Epicondylitis is a painful condition of the elbow that appears as a result of repetitive movements or repetitive lifting of weight (overuse of the hands). Some people perform the same repetitive movement daily either because of their job or some activity, which causes micro-injuries leading gradually to inflammation, microtears, and mucoid degeneration of the tendon.
It is more common in women and in people aged 30-50 years.
It occurs in athletes and manual workers who follow a specific movement pattern daily and for long hours. Some professions frequently affected by epicondylitis include plumbers, painters, butchers, carpenters, cooks, pianists, and secretaries (and generally those who work many hours on a computer). Sports commonly linked to epicondylitis are tennis, golf, throwing sports, swimming, fencing, and climbing.
However, there are cases where someone develops the condition without being a manual worker or athlete (idiopathic epicondylitis).
Epicondylitis / Types
There are two types of epicondylitis depending on where it appears: medial (inner) and lateral (outer). On both sides of the elbow are the epicondyles (medial and lateral epicondyles), which are two bony prominences from which the forearm muscles (the part from the elbow to the wrist) originate.
Lateral epicondylitis, which is more common, is a tendinitis or tendinopathy (inflammation–degeneration of the tendons) of the forearm muscles that extend the elbow (extensors) and attach to the lateral epicondyle. It is also known as tennis elbow. The pain starts from the tendon on the outer side of the elbow and may extend to the forearm and wrist.

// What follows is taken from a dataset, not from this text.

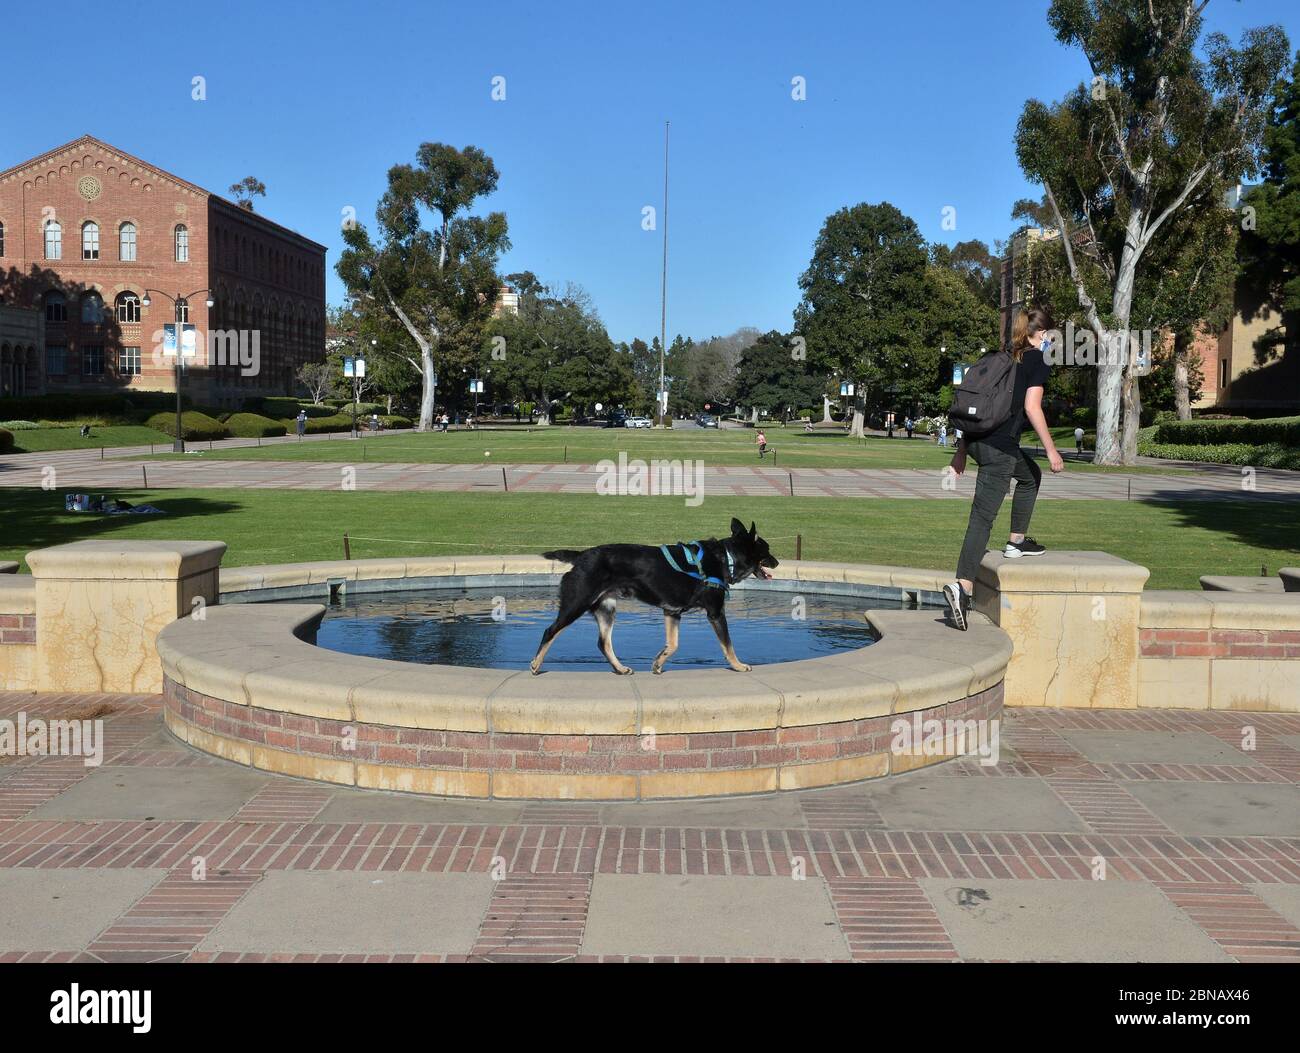 A student trains her dog in the quad near Royce Hall on the UCLA campus in Los Angeles on Wednesday, May 13, 2020. California State University, the nation's largest four-year college system, plans to cancel most in-person classes in the fall and instead offer instruction primarily online, Chancellor Timothy White announced Tuesday. The vast majority of classes across the 23-campus Cal State system will be taught online, White said, with some limited exceptions that allow for in-person activity. 'Our university, when open without restrictions and fully in person is a place where over 500,000 pe Stock Photo
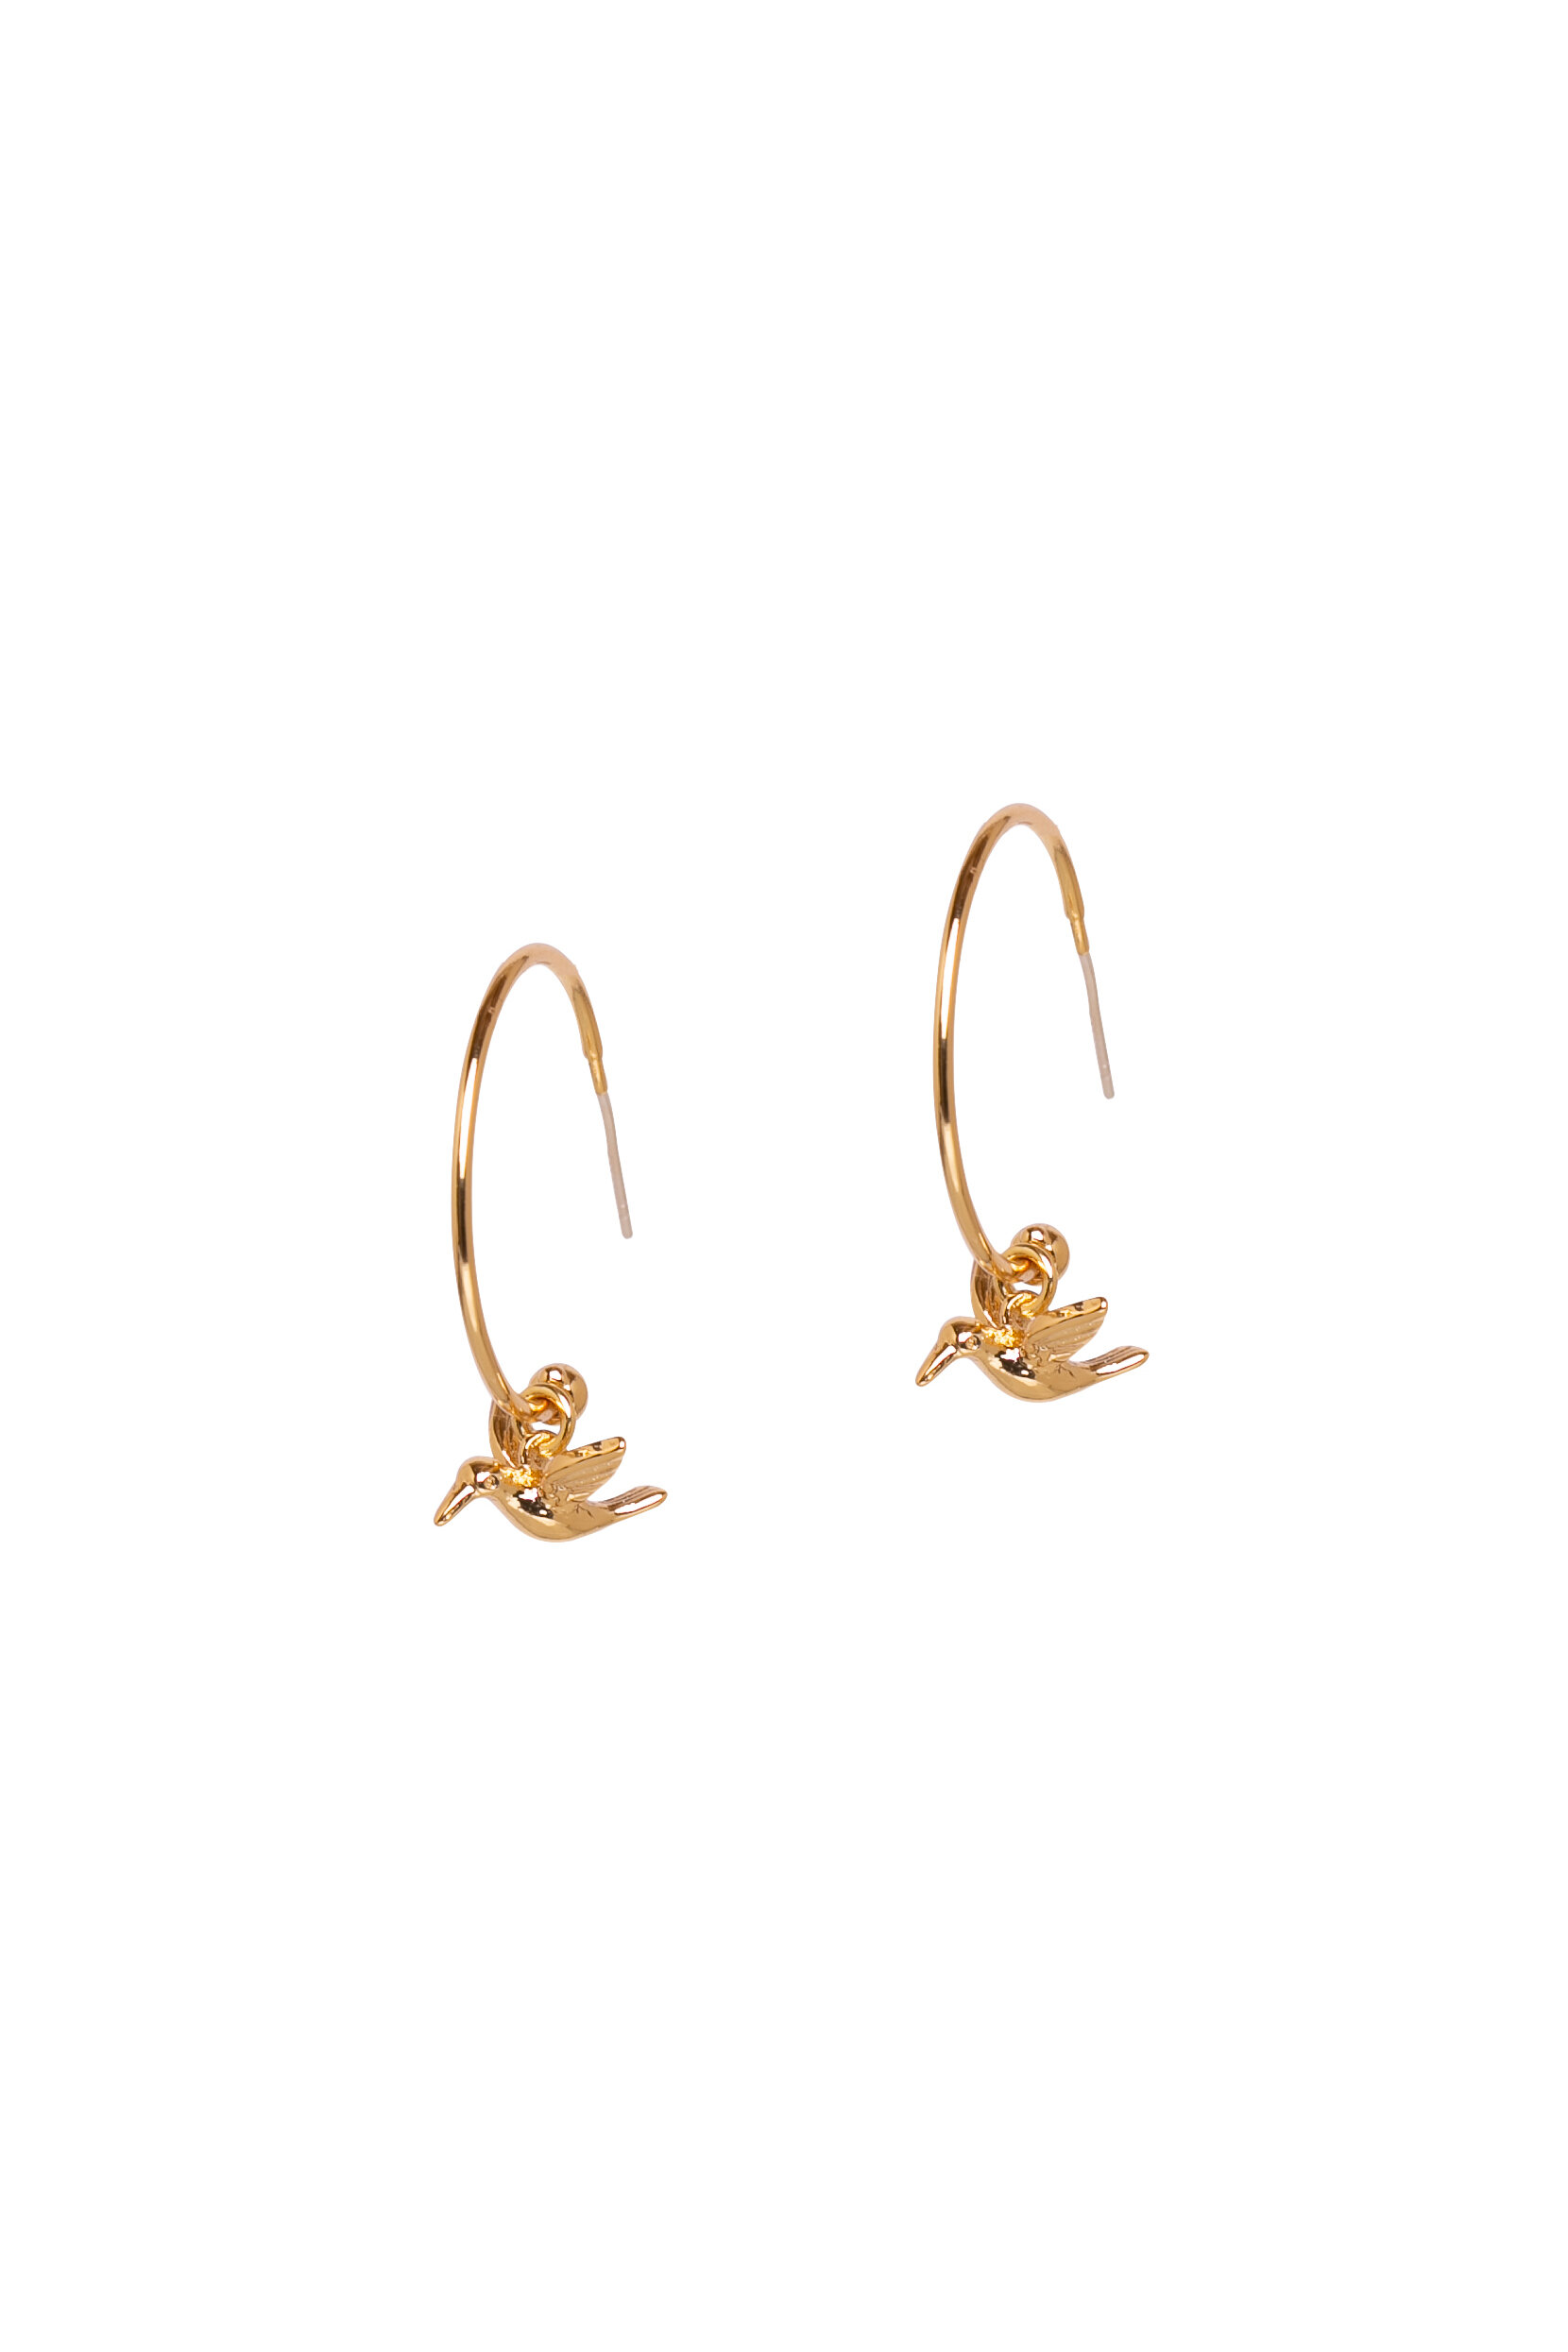 Small (20mm) Gold Plated Hoops with hummingbird charm.jpg

Medial epicondylitis is tendinitis of the muscles that flex the wrist, rotate the forearm inward (pronation), and originate on the inner side of the elbow. It is known as golfer’s elbow. The inflammation is located where the tendons originate from the epicondyle on the medial side of the elbow.
Symptoms
The main symptoms are elbow pain, which may extend to the forearm and wrist during hand use, and weakness in the wrist when the patient tries to grasp an object. These symptoms develop gradually and worsen with continued use of the hand. In some cases, even a handshake can be very painful.
In lateral epicondylitis, the patient may feel pain even when trying to hold a glass or grasp a doorknob. In medial epicondylitis, mild stiffness and more rarely, numbness in the fingers may coexist.
Diagnosis
Epicondylitis is usually diagnosed by a simple clinical examination by a doctor. During the exam, the doctor performs tests for local tenderness on both the medial and lateral sides of the elbow, as well as specific resisted flexion and extension tests of the elbow. The patient’s medical history combined with the clinical examination is usually enough for diagnosis.
If there is doubt, the doctor may request MRI, ultrasound, or X-rays to rule out other conditions. More rarely, a nerve conduction study—electromyography—may be necessary to exclude nerve compression.
Treatment and Management
Initially, treatment of epicondylitis involves avoiding the activity that caused it.
If the pain is severe, the patient may need to take analgesics and anti-inflammatory medication. Additionally, applying ice (ice therapy) 3-4 times daily for 15 minutes each time can help.
It is important to determine whether the movement or technique used is incorrect and causes the injury. Especially in sports, the patient should ask a coach to explain the proper movement (e.g., how to hold the racket correctly). Also, equipment adjustment may be necessary, for example, using a smaller or softer tennis racket.
Most patients (especially with lateral epicondylitis) will notice symptom improvement by following simple advice such as rest, ice, anti-inflammatory medication, stretches, and eccentric strengthening exercises.
Even if improvement occurs, patients should continue doing exercises and try to reduce the movements that cause the problem because there is a risk of recurrence and chronicity.
Effective are also gentle stretches followed by eccentric strengthening exercises. It is advisable that these be taught by a physical therapist to avoid further injury.
Physical therapists can also help reduce pain and promote tendon healing using various methods, mainly shock wave therapy and manual therapy.
If the patient cannot avoid the activity that aggravates the epicondylitis, a special brace for epicondylitis (counterforce brace) can be worn during the aggravating movement.
If these methods are ineffective, injectable treatment with P.R.P (Platelet-Rich Plasma) in the injured area may be applied. The procedure usually takes less than 20 minutes, is painless, does not cause allergic reactions, and has no complications.
Less commonly, corticosteroid injections may be given.
Surgical Treatment
If 6 months of conservative treatment pass without symptom improvement, a minimally invasive surgery may be required. During this procedure, using microscopic instruments and very small incisions, the scarred and degenerated tissue is removed, and the healthy tendon is reattached to the epicondyle. The patient can usually be discharged the same day.
Cost of Treatment
The appropriate doctors for treating epicondylitis are orthopedic surgeons and physiatrists. The role of the physical therapist is also very important, who in cooperation with the doctor completes the therapeutic regimen for the patient.
The cost of epicondylitis treatment depends on the therapeutic approach. The cost of medications and physical therapy sessions should also be considered.